MATT DOYLE, starring as Jamie in the revival of Company: If you asked me the Monday of that week, the 9th, if Broadway would shut down, I’d say, “No, that’s not possible.” By the 10th, I was saying, “Maybe for a couple weeks if we have to do that.” Wednesday morning, I woke up and had every expectation we’d open the following week. I went to a fitting for my opening night suit. This role was a dream come true for me. It was everything I’d worked toward in my career. So for me to combat the panic, I was the one standing backstage arguing about the numbers and what they mean and how many people get the flu per year. I was absolutely ignorant to the reality of what was happening.

JENNIFER TEPPER, theater historian and 54 Below creative director: There had been whisperings and rumors of a shutdown, but as a theater historian, I know that in theater history there has never been anything like this. Broadway doesn’t shut down for a public health crisis — there was just no precedent. In the 1918 pandemic, Broadway never shut down.

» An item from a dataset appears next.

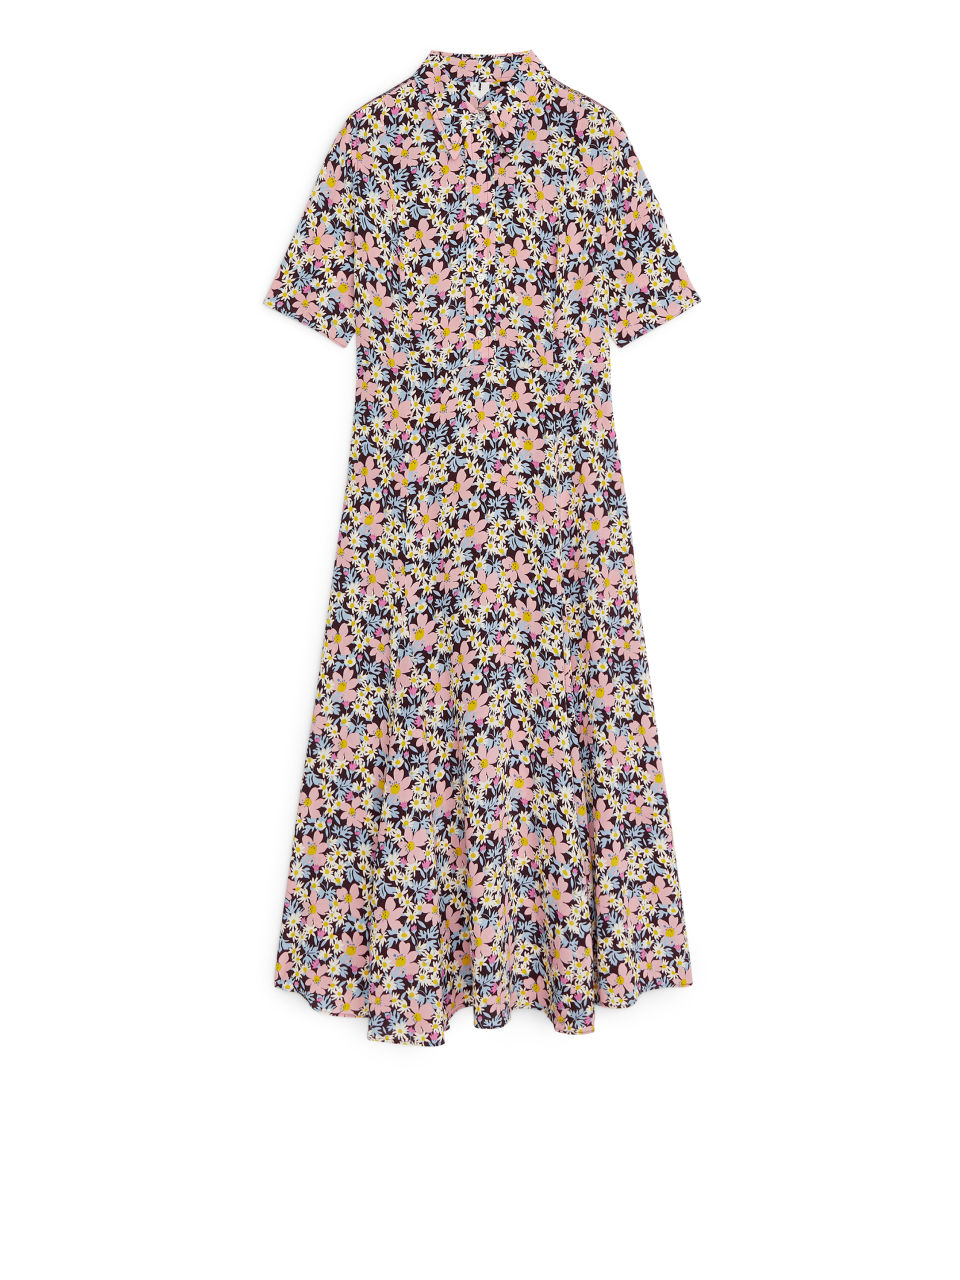 Floral Crêpe Dress - Brown

MATT DOYLE: Even Patti [LuPone] just couldn’t understand it. She’s been a great counterweight to my overpositivity. One day in June, I was still saying, “I still have faith, maybe we’ll reopen this fall!” And Patti said, “Oh, Matt, your positivity is just heartbreaking.”

JORDAN FISHER, To All the Boys: P.S. I Still Love You star, who was then playing Evan in Dear Evan Hansen: For whatever reason, the energy of that show was out of this world. It was almost as if the audience knew that things were starting to go dark. We obviously didn’t have any type of clarity where that was concerned. They were just there to see an amazing show. So that’s what you go out there and do. I put on that blue polo, sang “Waving Through a Window,” cried a bit, screamed a bit, and it ended up being an amazing show.

RYAN MCPHEE, managing news editor at Playbill: I was seeing Six that night. It was the night before it opened, so it was the final preview performance, and ultimately its final performance, at least for now. I remember I was glad to be there, but hoped I hadn’t made the wrong decision in going.

6:45 p.m. CT

At the Toyota Stadium in Frisco, Texas, players with the US women’s national soccer team (USWNT) are preparing for a game against Japan for the SheBelieves Cup. The game is being played three days after one in Harrison, New Jersey.

The United States Women’s National Team poses for a team photo before a SheBelieves Cup women's soccer match against Japan, Wednesday, March 11, 2020. Jeffrey McWhorter / AP Images

JULIE FOUDY, former USWNT player and a sports analyst who was calling the game for ESPN: I recall not really thinking about the coronavirus ’til New York, so that was the second game, on March 8. Like, I wasn’t masked up on a plane. I don't recall anyone being masked up, honestly. It wasn’t until we got to Dallas when we were like, Oh man, this is real, but still I went out and had dinner with [former USWNT teammate and now–general manager] Kate Markgraf inside like normal in Dallas. And then I just remember turning to [ESPN play-by-play announcer] Sebastian Salazar the day we were in the stadium and it was packed. And I turned to him and I said, “If this game were to happen tomorrow, this game’s not happening, I don’t think. Is this a little weird we’re in this packed stadium and people are starting to shut down? This is weird.” And we kind of laughed and, you know, went on with calling the game.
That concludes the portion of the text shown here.